F.C. Netanya
- Full name: Moadon Sport Netanya Colette Cohen מועדון ספורט נתניה קולט כהן
- Founded: 2012
- Ground: Tubruk Stadium
- Capacity: 500
- Owner: Eli Cohen
- Chairman: Zvi Ben Haim
- Manager: Eli Cohen
- League: Liga Gimel Sharon
- 2015–16: 12th

= F.C. Netanya =

Israeli football club

F.C. Netanya (מועדון ספורט נתניה) is an Israeli football club based in Netanya. The club currently plays in Liga Gimel Sharon division.

==History==
The club was founded in 2012 by Eli Cohen, who previously worked with Maccabi HaSharon Netnaya and named the club after his late mother. The club joined Liga Gimel Sharon division, where they played since, finishing in 8th position in 2015, its best finish to date.

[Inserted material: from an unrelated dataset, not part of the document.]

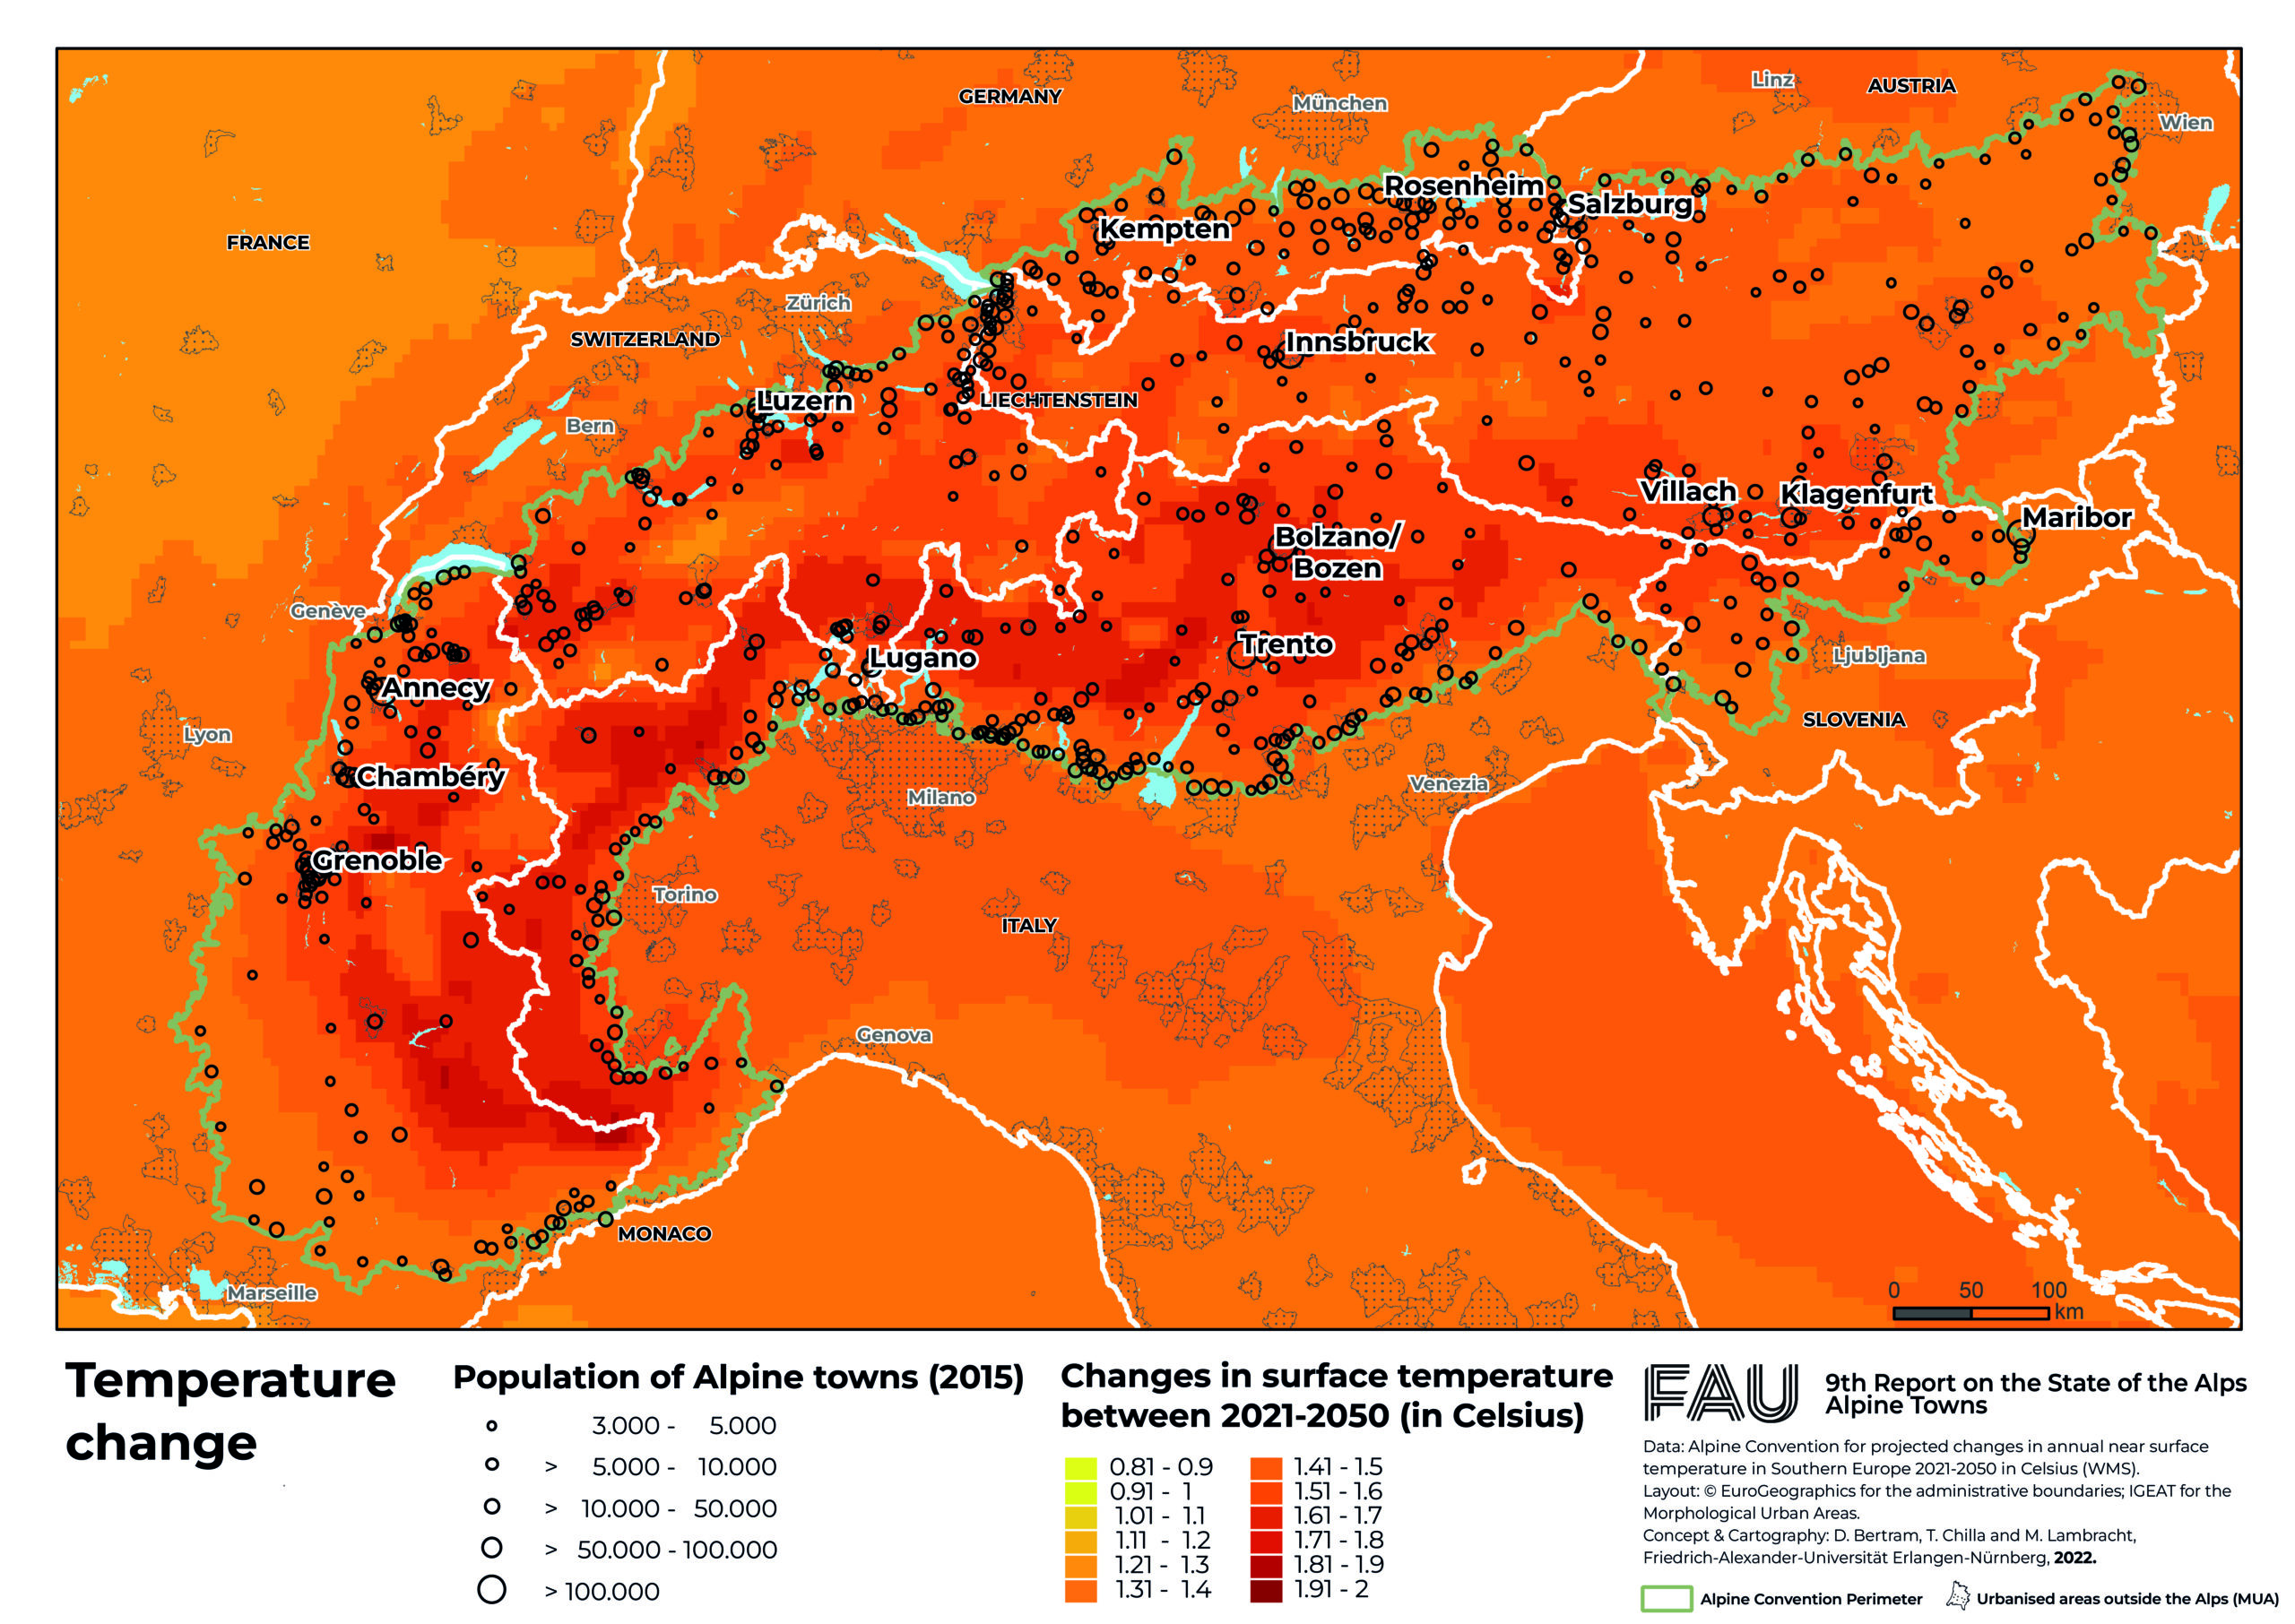 Projected changes in surface temperatures in the Alps, 2021-2050. The Alpine region experiences a higher temperature rise than peri-Alpine areas or at least that the temperature changes start earlier. Large parts of Bavaria, Lombardy and other regions depend on ecosystem services provided by the Alps. Decreasing quantities of water and a reduced reliability of supply will become major issues in the coming decades. This affects not only the drinking water supply but also agriculture, energy production, and industrial cooling demand. Graphic: FAU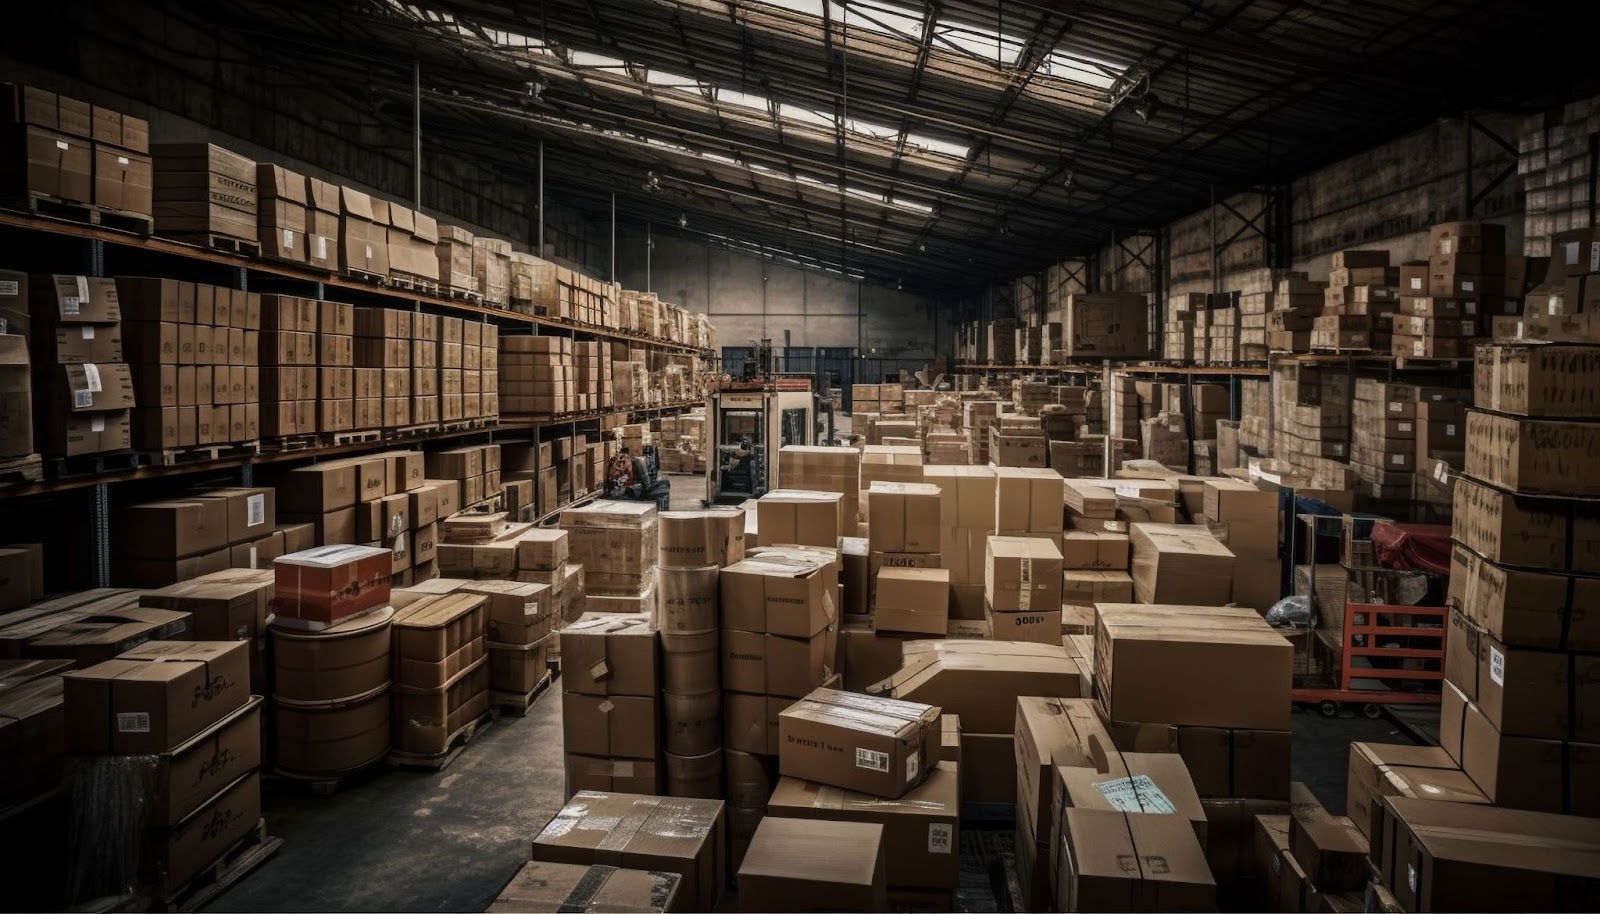 Product sourcing at a warehouse.

In the State Cup, the club's best achievement is reaching the fourth round, the divisional final, in 2015–16, after beating F.C. Kafr Qasim Nibrass in the divisional semi-final 5–2. The club met Hapoel Ihud Bnei Jatt in the divisional final and lost 1–2.

At youth levels, the club operate Under-19 and Under 17 teams, which play in the regional lower divisions of their youth group.